I have tried other android keyboards from the market place and most do not add a number row, and the one that does (hackers keyboard) adds a bunch of other keys that makes it harder to type.


----------



## chessmaster W/nook (Aug 22, 2011)

Razor512 said:


> It would be great I could get the webos virtual keyboard on android, or if that is not possible, then keep the same android keyboard look with the 100% only change being a added number row.
> 
> I have tried other android keyboards from the market place and most do not add a number row, and the one that does (hackers keyboard) adds a bunch of other keys that makes it harder to type.


It would probably be easier to just create a new keyboard that looks like the WebOS keyboard, than to port it.

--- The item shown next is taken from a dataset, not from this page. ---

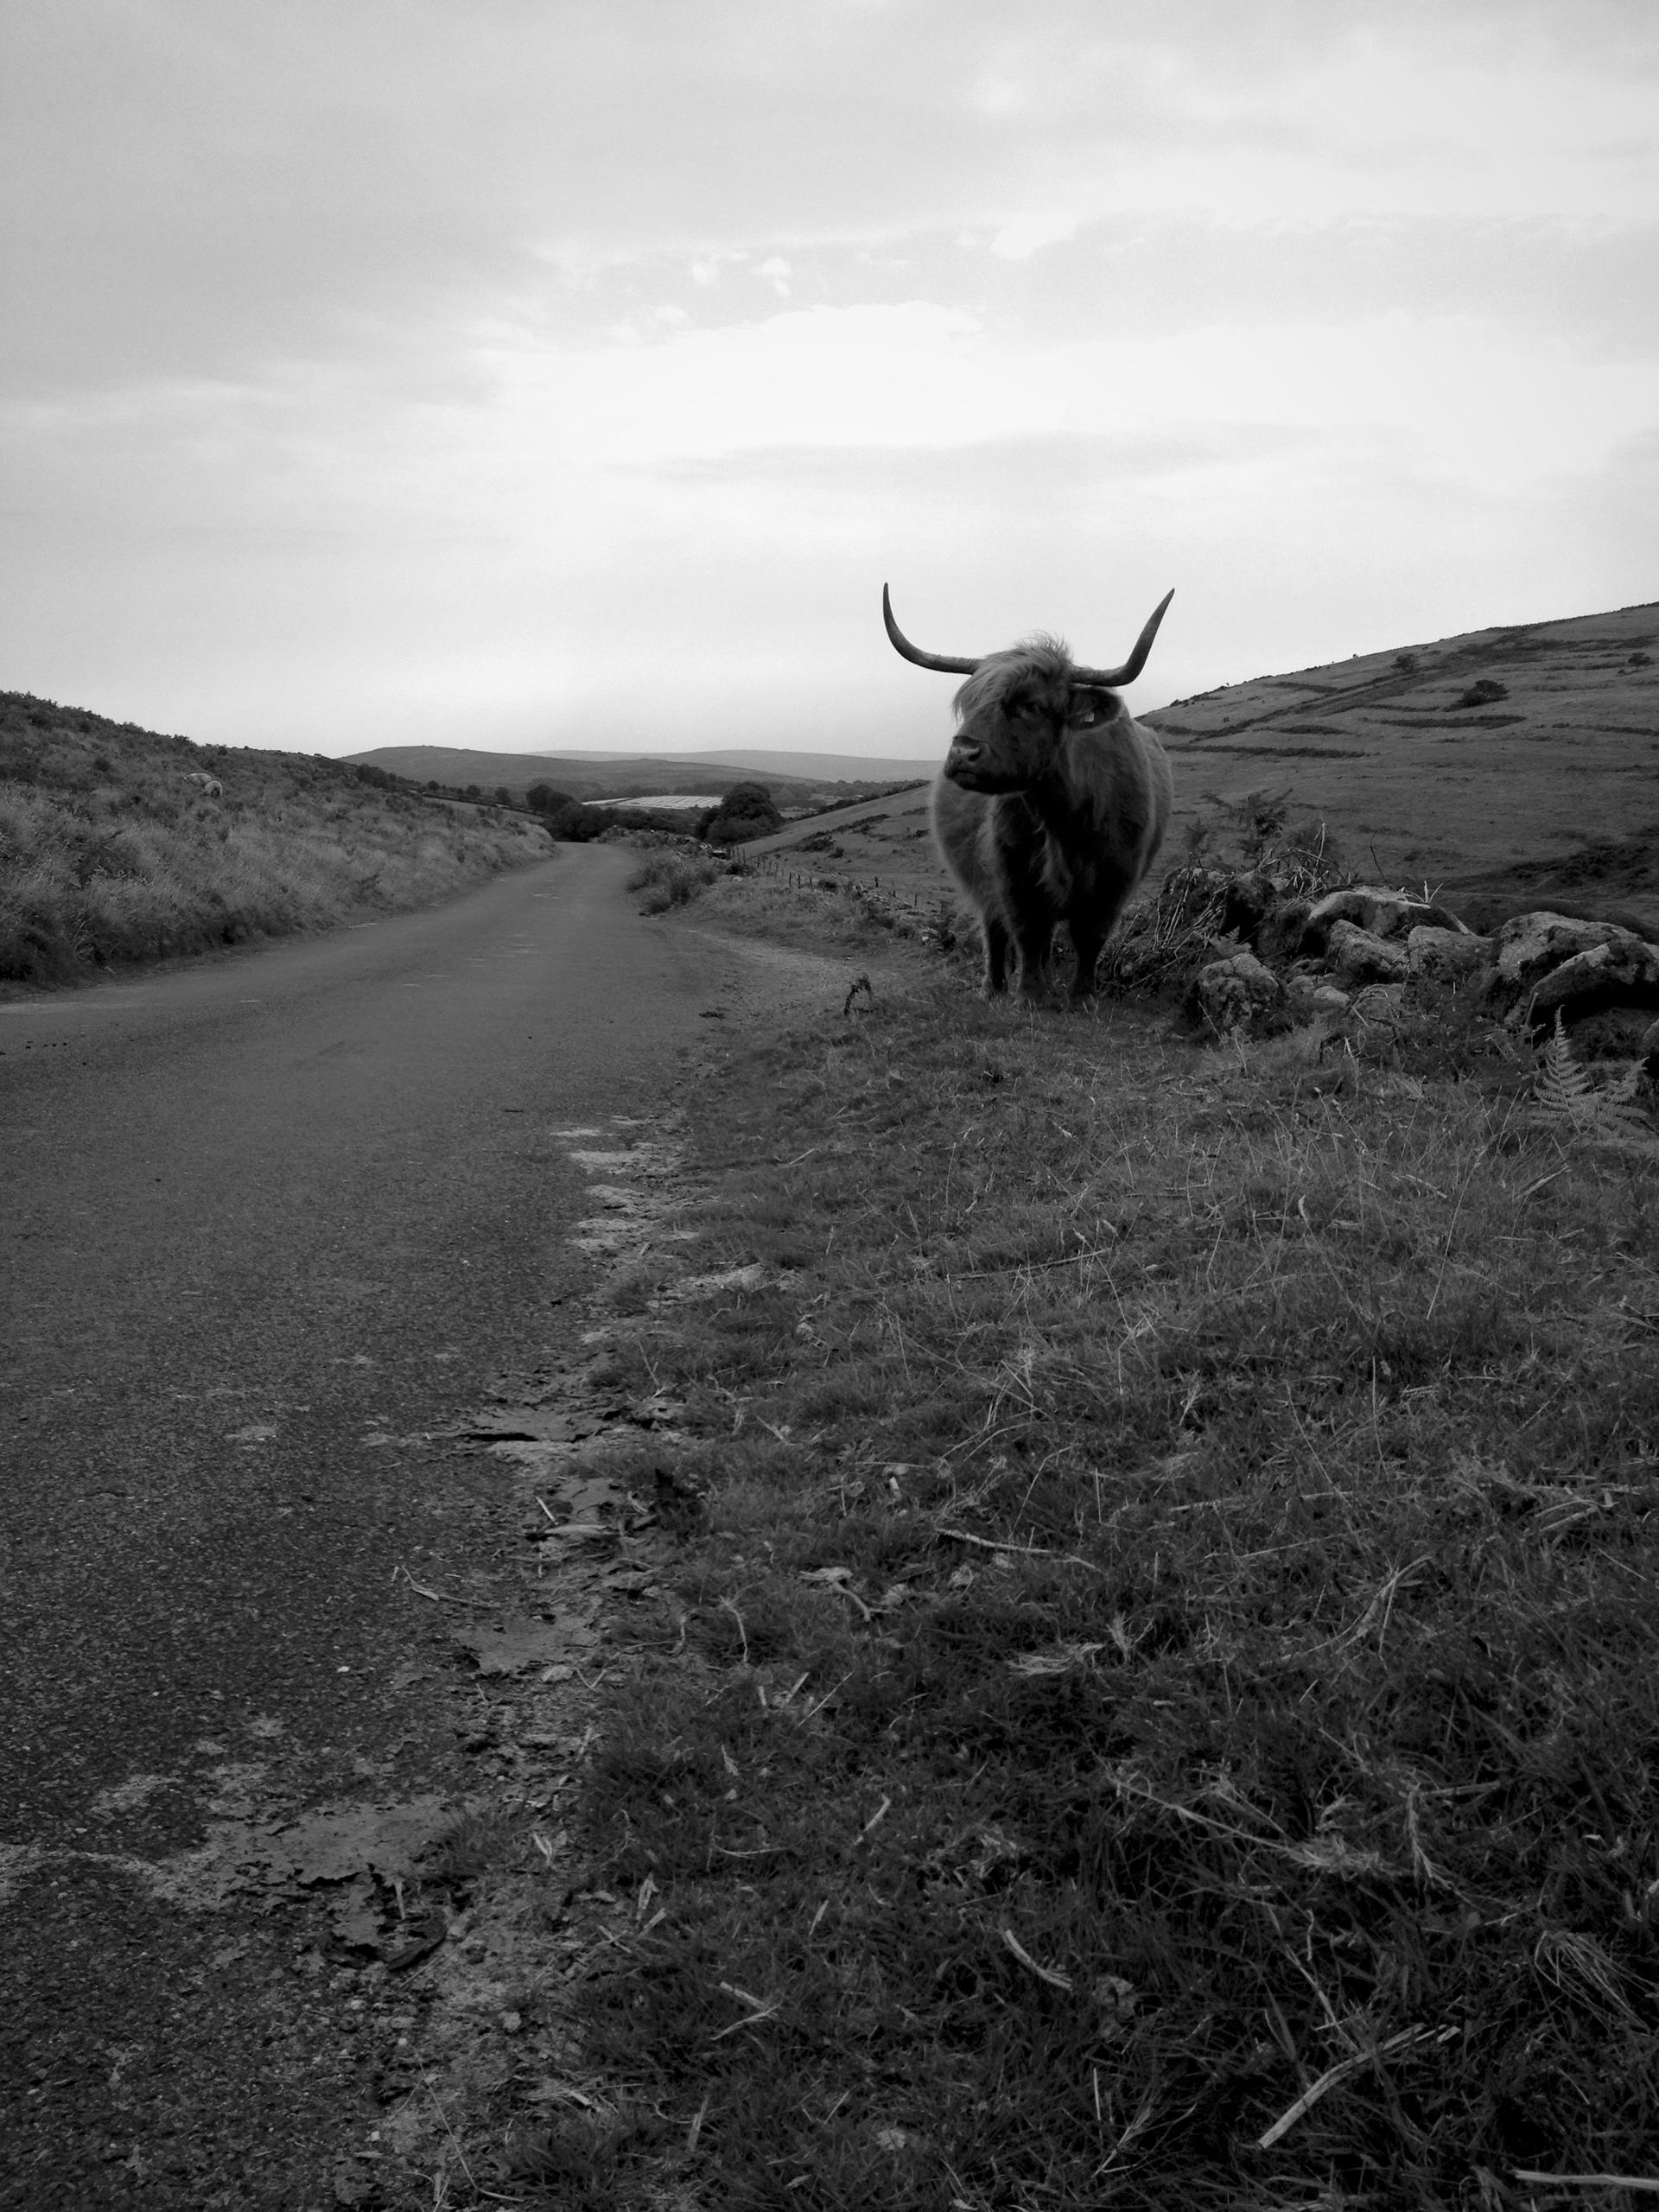 Land met pixies, headless horse - nesbitandgibley | ello

It could easily be based on the stock keyboard.


----------



## Colchiro (Aug 26, 2011)

Your best bet is to lower your standards or keep looking. There's a LOT of keyboards out there.


----------



## HY-rowi (Jan 24, 2012)

there was this thread:

http://rootzwiki.com...ard-to-android/

so you wanna see what people say about alternatives...but that's as far as you can go.

I also saw this https://market.android.com/details?id=com.looptek.powenko.softkeyboard&feature=search_result#?t=W251bGwsMSwyLDEsImNvbS5sb29wdGVrLnBvd2Vua28uc29mdGtleWJvYXJkIl0.

not sure how good/bad it is though.


----------



## ChronoReverse (Oct 14, 2011)

Use Hacker's Keyboard and turn on the 5th row. There's many adjustments so you can even make the number row half sized like WebOS. I like having the arrows keys.


----------